Prends mal et bien, prends tout ce que j’ai.

Un bonheur plein de telle détresse
Qu’il brisera la vie en mes mains ;
Un malheur plein de telle tendresse
Qu’il guérira les pires chemins.

Je ne sais pas si je te courrouce
Déshéritée ou riche, te plais …
Peut-être suis-je en pleurant plus douce
Qu’en souriant une autre ne l’est.

Je ne sais pas, … sache-le toi-même,
Si je te puis être chère ou non …
Je ne sais pas si je vaux qu’on m’aime …
Je ne sais pas … je ne suis qu’un don.

MARIE NOËL

***

Deux poèmes d’amour d’Elizabeth Browning

En ce 8 mars, je souhaitais mettre à l’honneur une femme-poète célèbre.

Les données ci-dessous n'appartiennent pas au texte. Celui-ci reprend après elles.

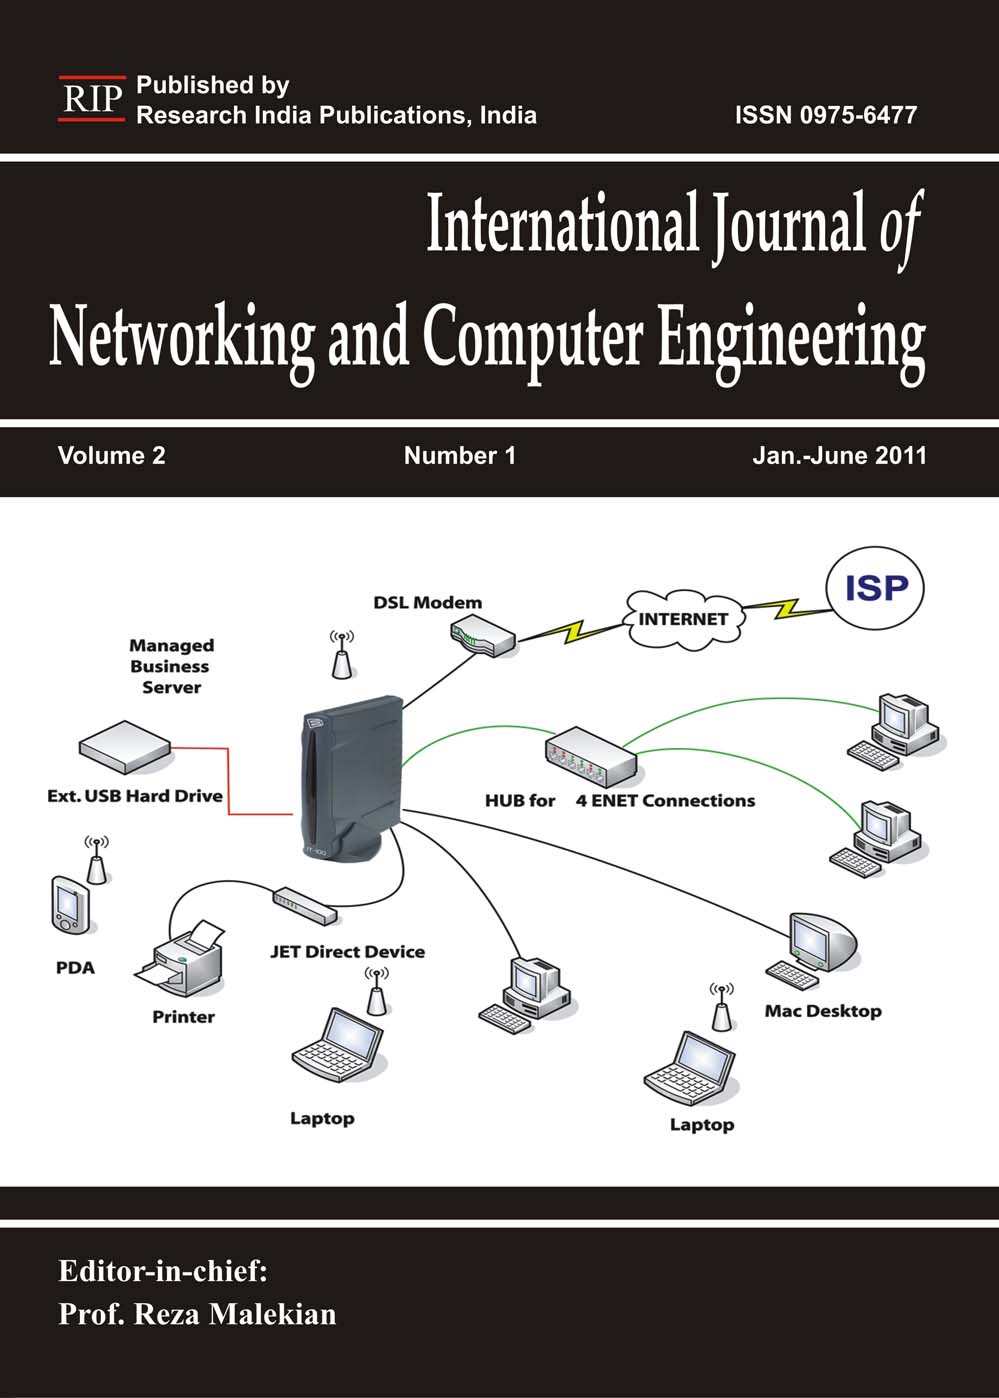 International Journal of Networking and Computer Engineering

J’ai trouvé ces deux poèmes dans le recueil Quelqu’un plus tard se souviendra de nous, publié chez Poésie-Gallimard en 2010. Ce recueil est une anthologie de quinze poètes-femmes de l’Antiquité à nos jours, c’est-à-dire de Sapphô à Kiki Dimoula, en passant par Louise Labé, Emily Brontë, Marina Tsvetaieva, etc.
Elizabeth Browning est une poète anglaise née en 1806, morte en 1861.
Ces deux poèmes sont extraits des « Sonnets portugais » (1850).

***

Si pour toi je quitte tout, en échange
Seras-tu tout pour moi ? N’aurais-je point
Regret du baiser que chacun reçoit
A son tour, et ne trouverais-je étrange,
Levant la tête, de voir de nouveaux murs ?
Comment … Une autre maison que celle-ci ?
Combleras-tu cette place auprès de moi
Pleine de trop tendres yeux pour changer ?
C’est le plus dur. Si vaincre l’amour est
Eprouvant, vaincre la peine plus afflige ;
Car la peine est amour et peine aussi.
Las, j’ai souffert et suis rude à aimer.
Mais aime-moi – Veux-tu ? Ouvre ton cœur,
Et drape en lui les ailes de ta colombe.

***

Comment je t’aime ? Laisse-m’en compter les formes.
Je t’aime du fond, de l’ampleur, de la cime
De mon âme, quand elle aspire invisible
Aux fins de l’Etre et de la Grâce parfaite.
Je t’aime au doux niveau quotidien du
Besoin, sous le soleil et la chandelle.
Je t’aime librement, comme on tend au Droit ;
Je t’aime purement, comme on fuit l’Eloge.
Je t’aime avec la passion dont j’usais
Dans la peine, et de ma confiance d’enfant.
Je t’aime d’un amour qui semblait perdu
Avec les miens – je t’aime de mon souffle
Rires, larmes, de ma vie ! – et, si Dieu choisit,
Je t’aimerai plus encore dans la mort.